The Phase II activities included removal of more than 5,000 feet of levees and spur dikes, installing some 565 pieces of wood for log jams, and reconnecting a 1,960-foot-long channel to the mainstem.
The third phase – the Bonifer Reach activities – include removing more than 7,125 linear feet of levees and spur dikes and constructing more than 5,900 feet of new channel, off-channel and side channel habitat with more than 2,500 pieces of wood and 160 different log jams, installation of bioengineering techniques, and revegetation of all disturbed areas, as well as improvements to wetlands.
These floodplain restoration projects, James wrote, have already proven to buffer high summer water temperatures, store flood water in the floodplain in the spring to augment summer low flows, enhance aquatic habitat in Meacham Creek, and increase native riparian vegetation throughout the floodplain.
“The CTUIR have made incredible advances in the restoration of the Meacham Creek watershed in these floodplain reaches and will continue to do more upper portion of the watershed in the future. They truly are worthy of recognition for these efforts to their lands,” James wrote.
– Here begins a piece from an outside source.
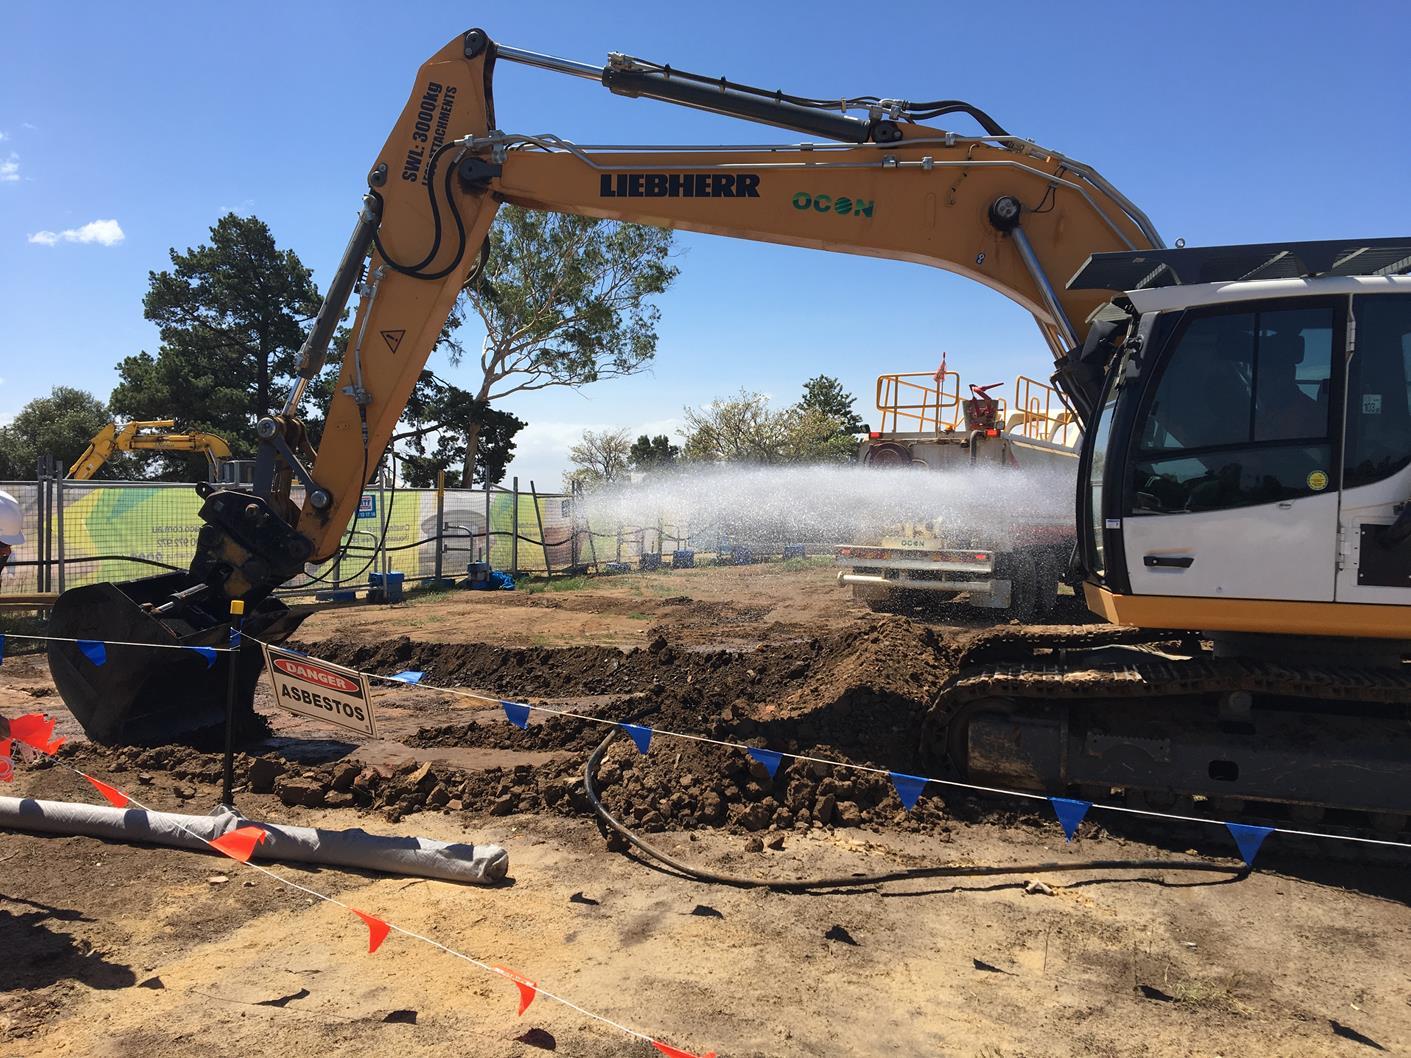 OCON Services bulk material excavator loader

In an award-recognition letter to Rick Christian, Umatilla Basin Project leader, Amy Sacry, a sub-regional representative of the Society for Ecological Restoration Northwest, said the “long-term commitment of the CTUIR to aquatic habitat and floodplain restoration significantly contributes to the advancement of ecological resource science and practice in our region.”
Sacry’s letter also commended the CTUIR for building a “wide range of working partnerships, a key factor in successful comprehensive restoration.”
Supporting agencies for the Meacham Creek Bonifer project include funding partners Bonneville Power Administration, U.S. Environmental Protection Agency, National Marine Fisheries Service (Pacific Coastal Salmon Recovery Fund) through regional support by Columbia River Inter-tribal Fish Commission, and the Oregon Watershed Enhancement Board.
Primary construction ended in early October, but Umatilla Habitat Project staff are expected to finish their annual fall planting on the project by the end of November.
That concluded a five-year effort that started in May 2015 that included more than two years to receive permitted and permissions from the CTUIR and landowners.
“We will likely do an additional contract in the next year or two to add more wood, if needed,” Christian said. “It was a very long time in development, but we got there.”
Key DNR Fisheries staff who worked on the Meacham Creek Bonifer project include Christian, Lambert, Ethan Green, Gary James, Julie Burke, Mikayla Kelly, Randy Bonifer (now retired), Larry Allen, Sean Van Pelt, Jesse Bevis, Austin Samuels and Ian Sampson.
“Our staff and their work are highly regarded in their profession, and the repeated and significant acknowledgements of their work are indicative of their dedication and work quality,” Quaempts said.
The Society for Ecological Restoration makes the annual award “to a public, private, non-profit-owned and/or sponsored/implemented restoration project, or a collaboratively owned and/or implemented restoration project making a significant contribution to restoration in the Cascadia bioregion.”
The award was announced at the Society’s annual meeting Nov. 17. The meeting was a Zoom video conference. Christian from the CTUIR gave a presentation of the Bonifer Reach work during the annual meeting.